→ Work to be completed: Repeat everything in the listing exactly, except for the images.

→ Given material:
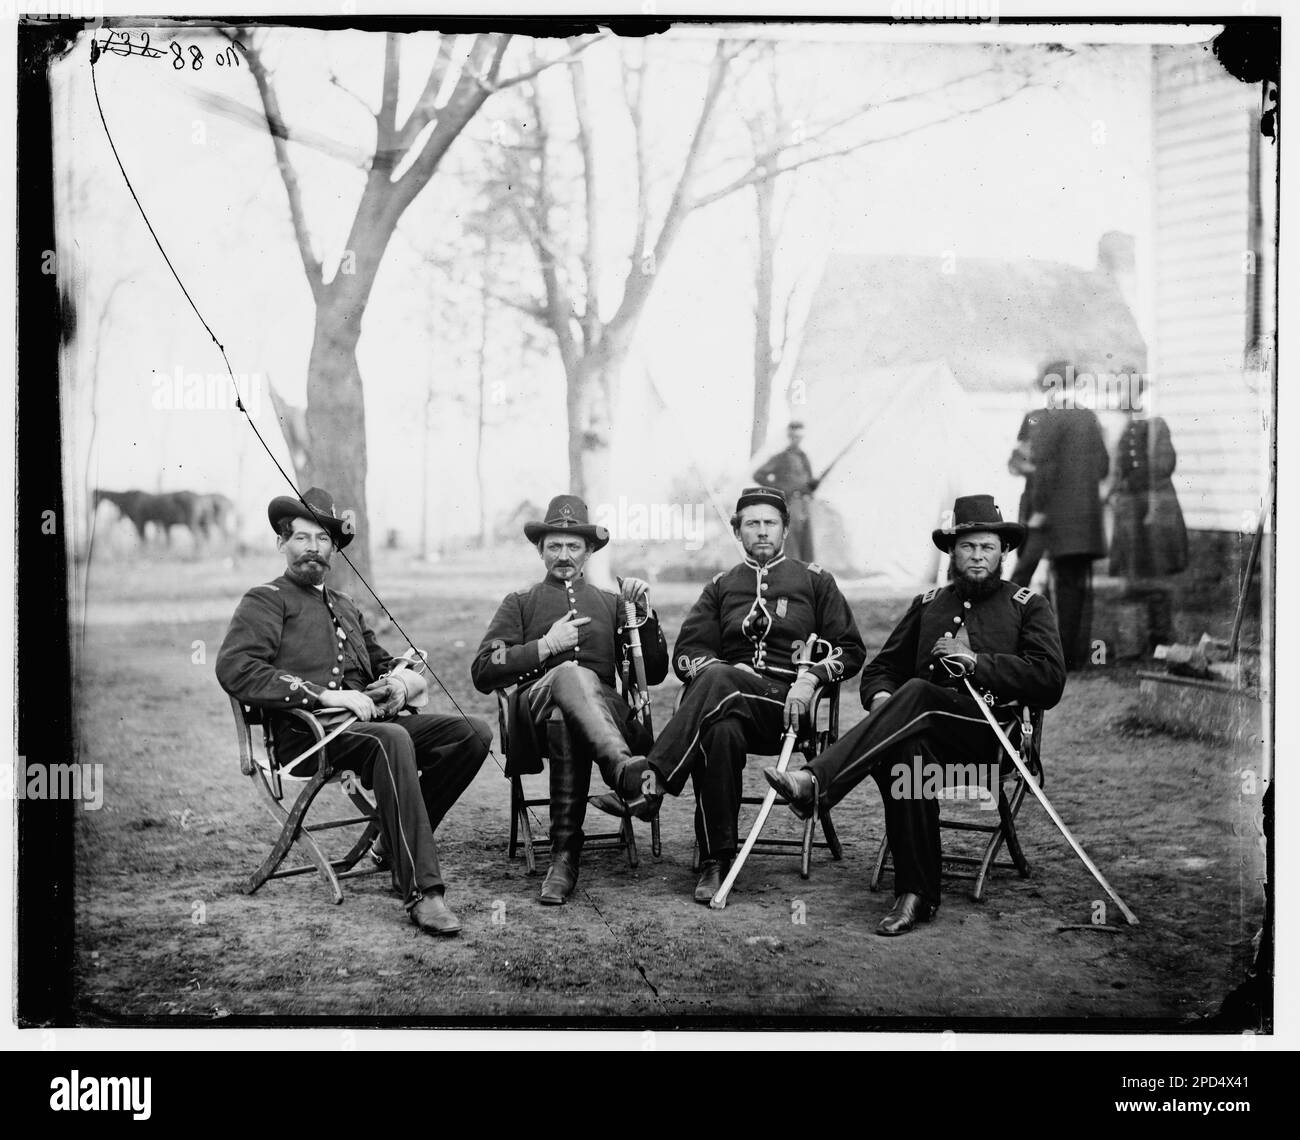 Brandy Station, Virginia. Marschall des 3D. Armeekorps. Bürgerkriegsfotos, 1861-1865. Usa, Geschichte, Bürgerkrieg, 1861-1865. Stockfoto
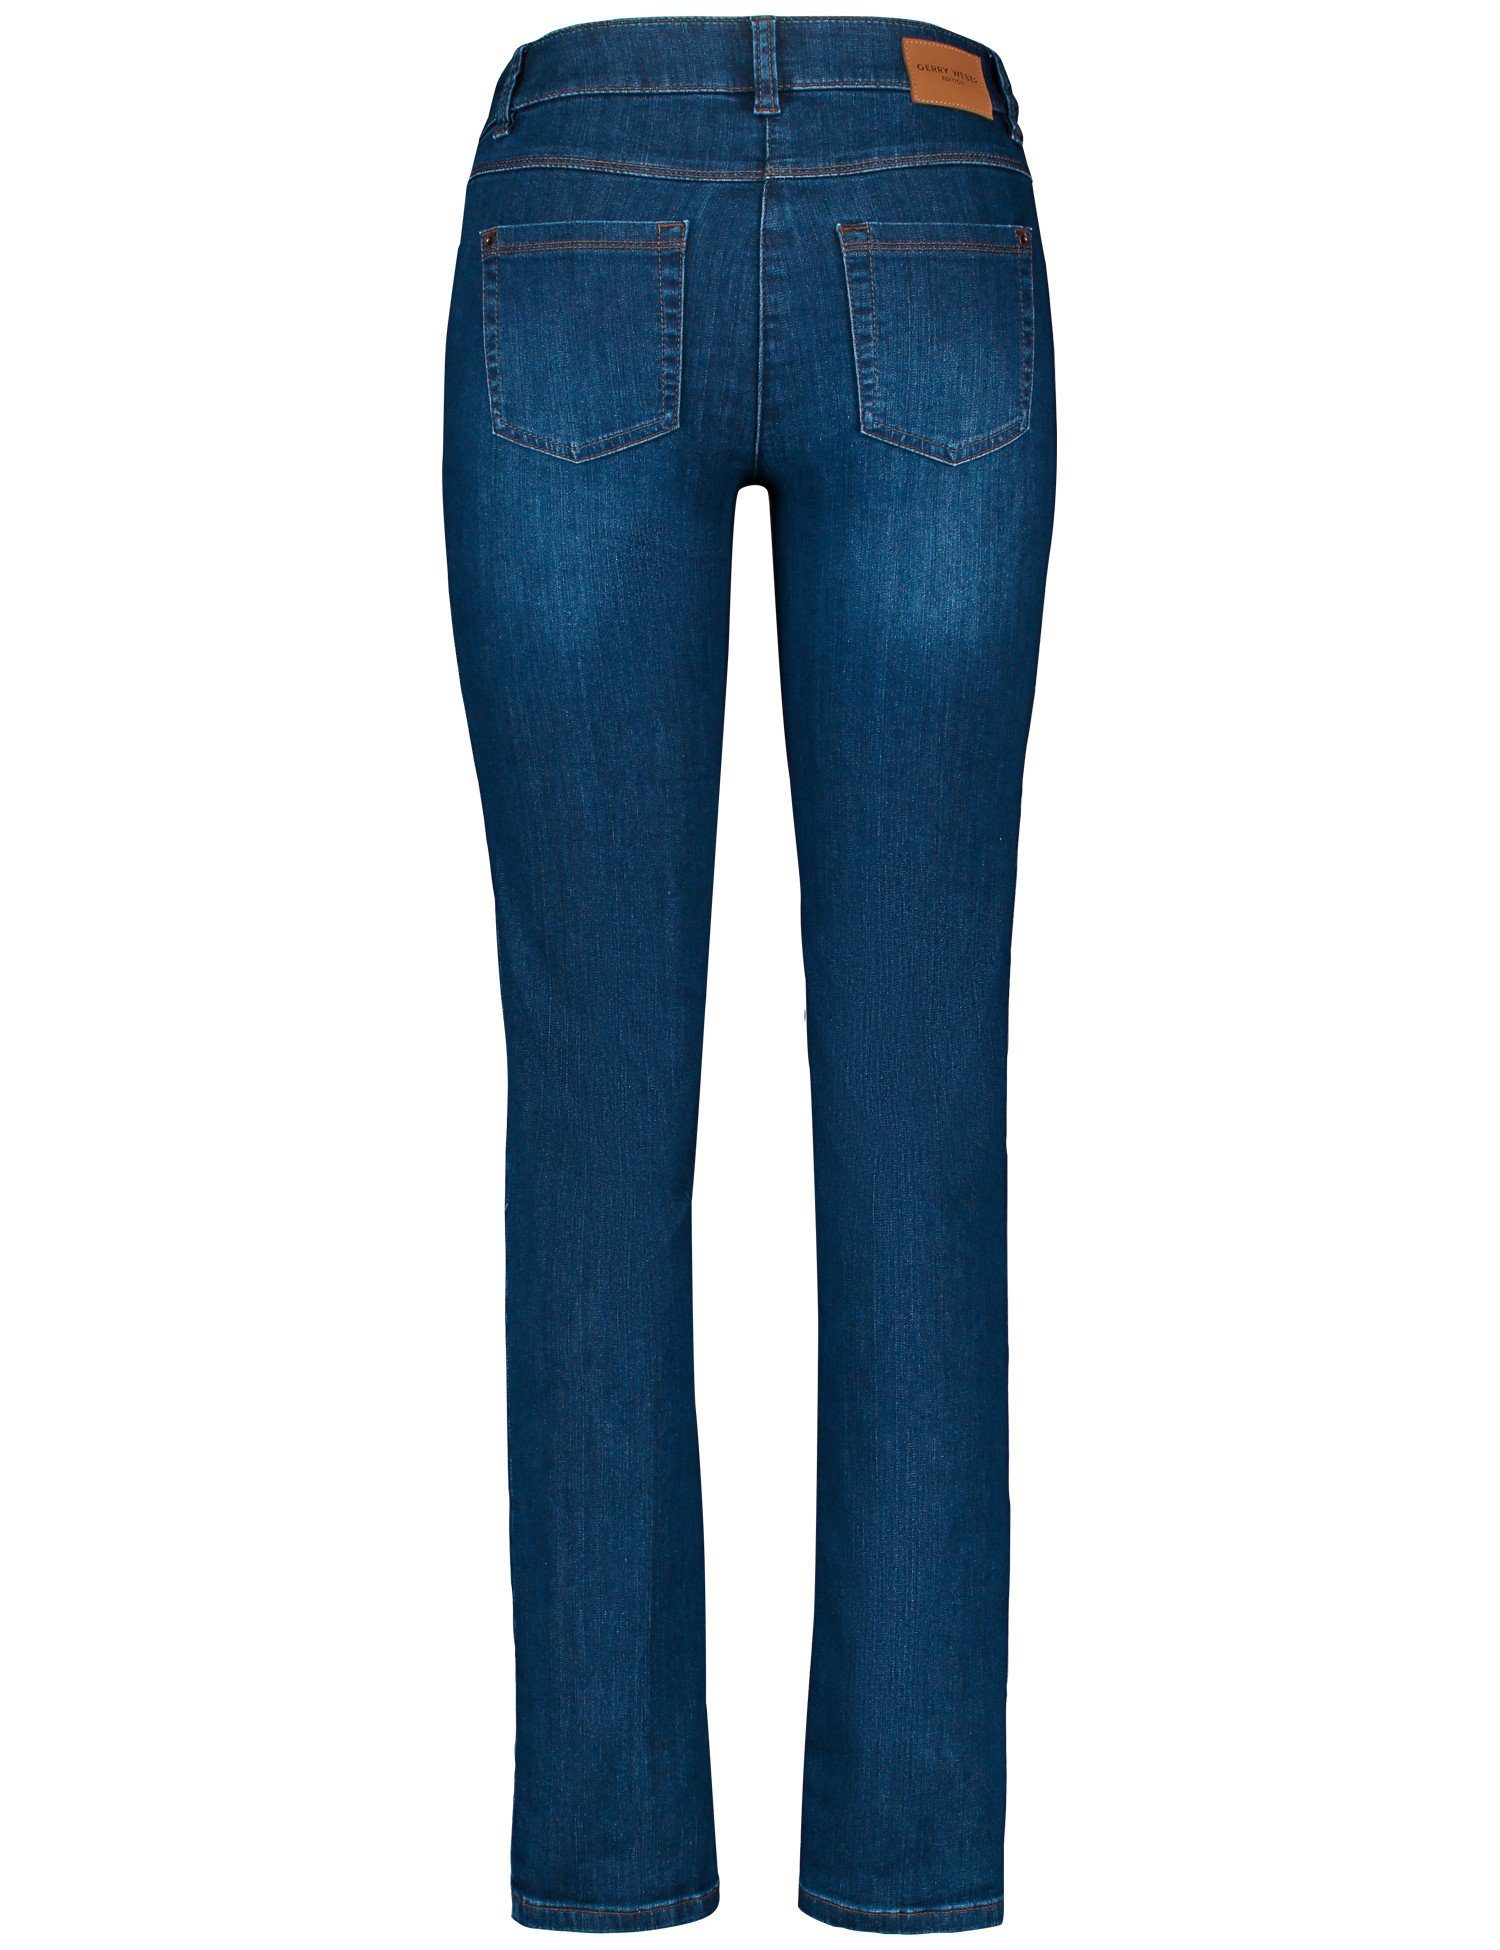 Jeans 5-Pocket WEBER Slimfit Best4me dark blue use mit Stretch-Jeans denim GERRY
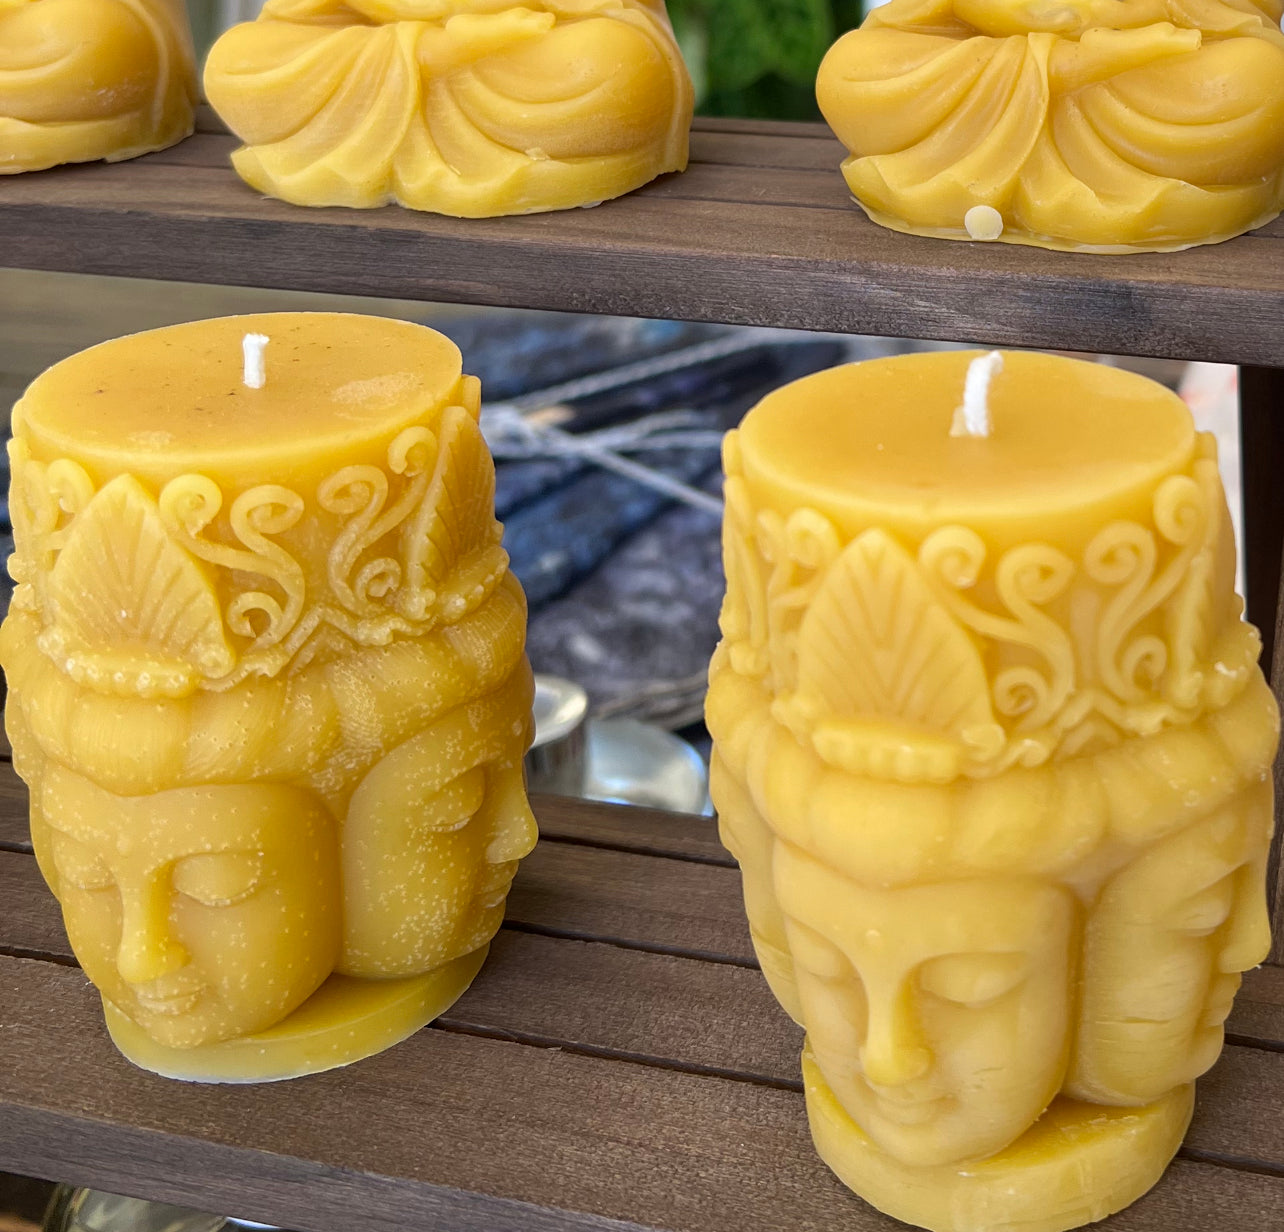 Beeswax Buddha Candle

→ Response:
 Brandy Station, Virginia. Marschall des 3D. Armeekorps. Bürgerkriegsfotos, 1861-1865. Usa, Geschichte, Bürgerkrieg, 1861-1865. Stockfoto
 Jeans 5-Pocket WEBER Slimfit Best4me dark blue use mit Stretch-Jeans denim GERRY
 Beeswax Buddha Candle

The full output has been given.